Now you need to cd to /mnt/os/etc and edit fstab and add /dev/sda2 /home ext4 defaults 0 1 There's more than one way to do this. Depending on your experience and skill you could mount by UUID (preferred, but not necessary). One could do the same for other filesystems, if you've installed a lot of google tools, or eclipse, they get intalled in /opt and it is also a good candidate to be in its own partition. If you get to the point where you have many partitions, you'll want to switch to GPT partitioning and/or LVM.

If so, re-ask the question. Whether a 25GB system partition is huge or tiny depends on how much software you have installed (is this a single-purpose server or a shared workstation with a lot of domain-specific software?) and on how much data is lurking in /var (do you have 200 users' mail in that partition?). Good places to look for accumulated cruft include: • /tmp: any old, large files in there? You may want to make /tmp a tmpfs filesystem, so that it doesn't consume disk space and starts afresh at every boot. • /var/tmp: any huge files in there? • /var/log: did a runaway service produce gigabytes of logs?

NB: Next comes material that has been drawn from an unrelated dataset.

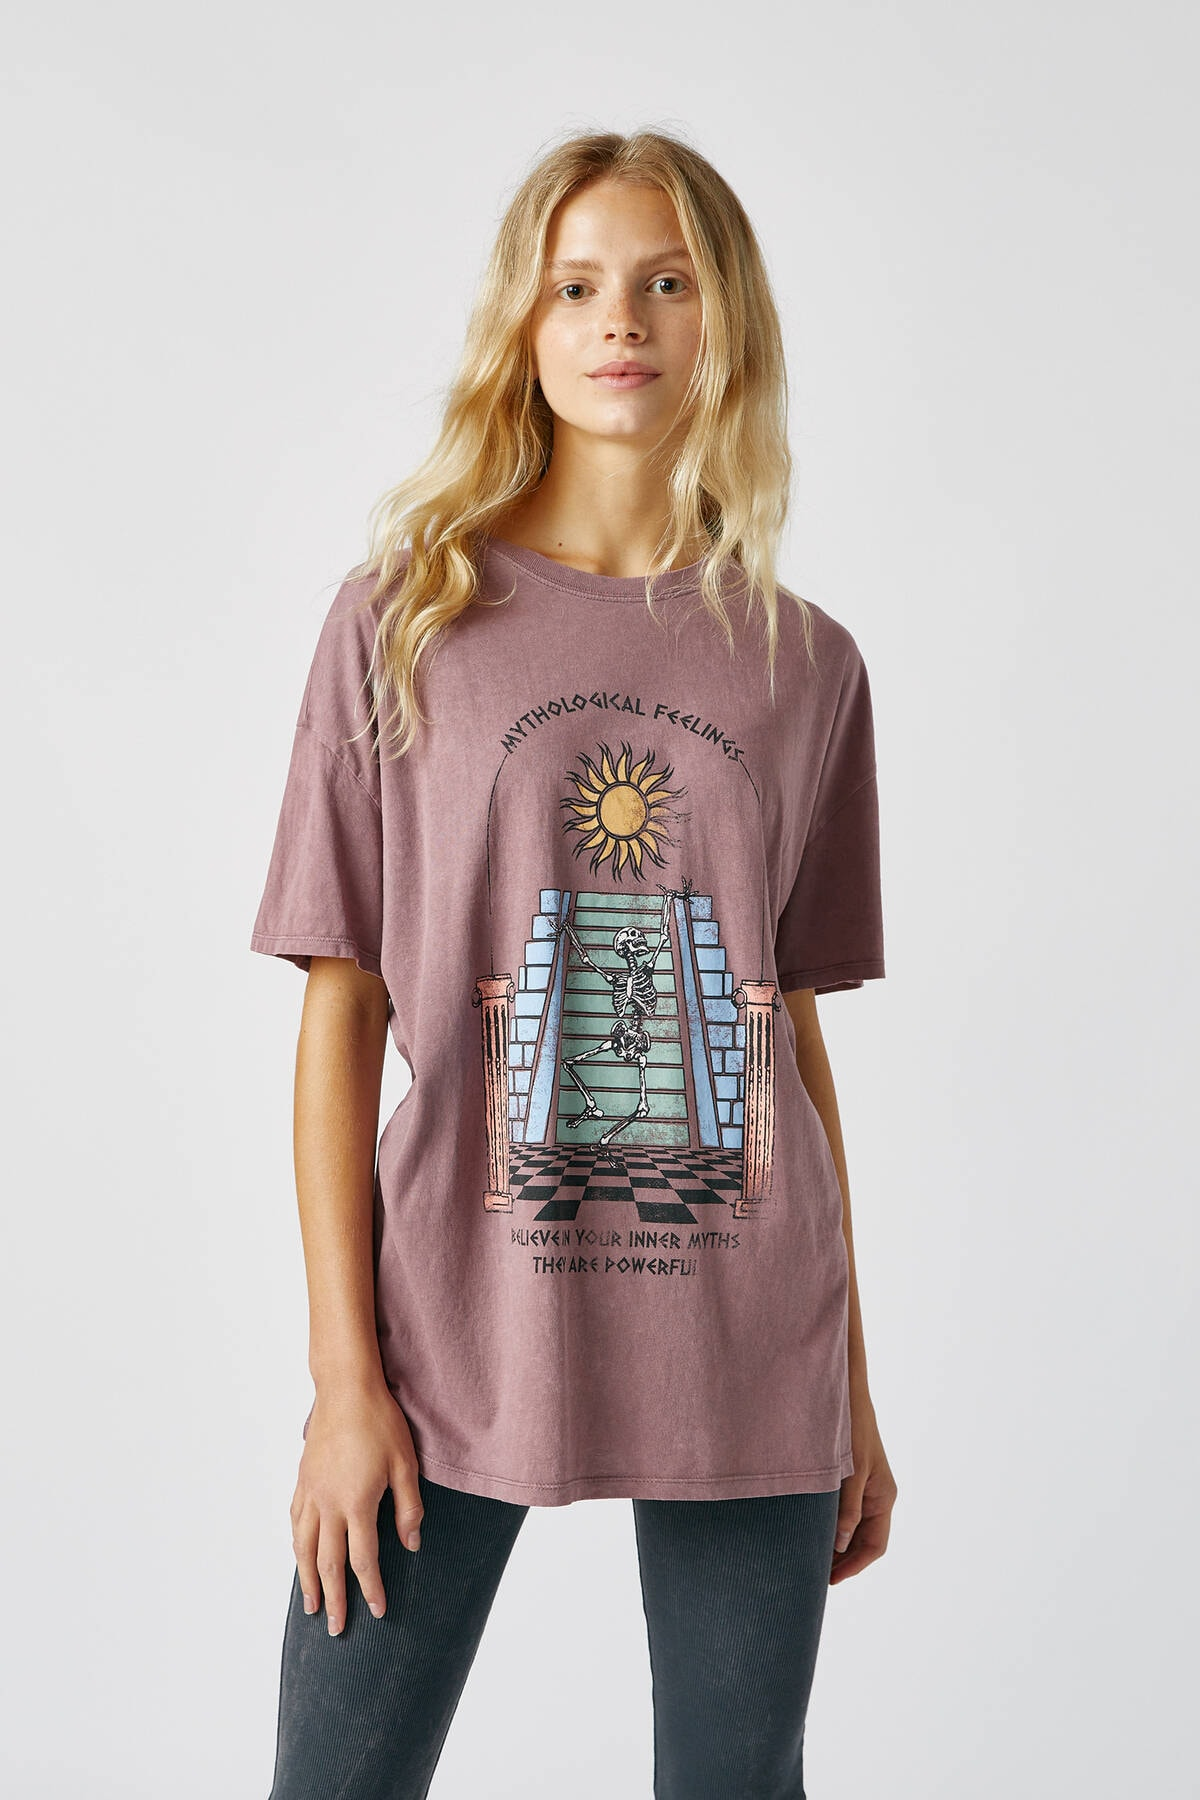 Pull & Bear Kadın Pastel Leylak Rengi İskelet Desenli T-Shirt 09247375

• /var/cache: is there a large cache that isn't being purged properly? Especially check where your distribution puts downloaded packages (e.g. /var/cache/apt/archives/ on APT-based distributions). • Do you have any unused software installed? That's usually not much, but you may be able to find library versions that aren't used by any executable still on your system. Programs like deborphan (on Debian and derivatives) can help.

Check if you're encumbered by old kernels, too. If you can't find what to delete, you can at least see what's taking up space with du or a such as (a Gnome utility). If you have space left elsewhere, you can move some large chunk of /usr or /var (or /opt or /srv if relevant) to a different partition and make a symbolic link.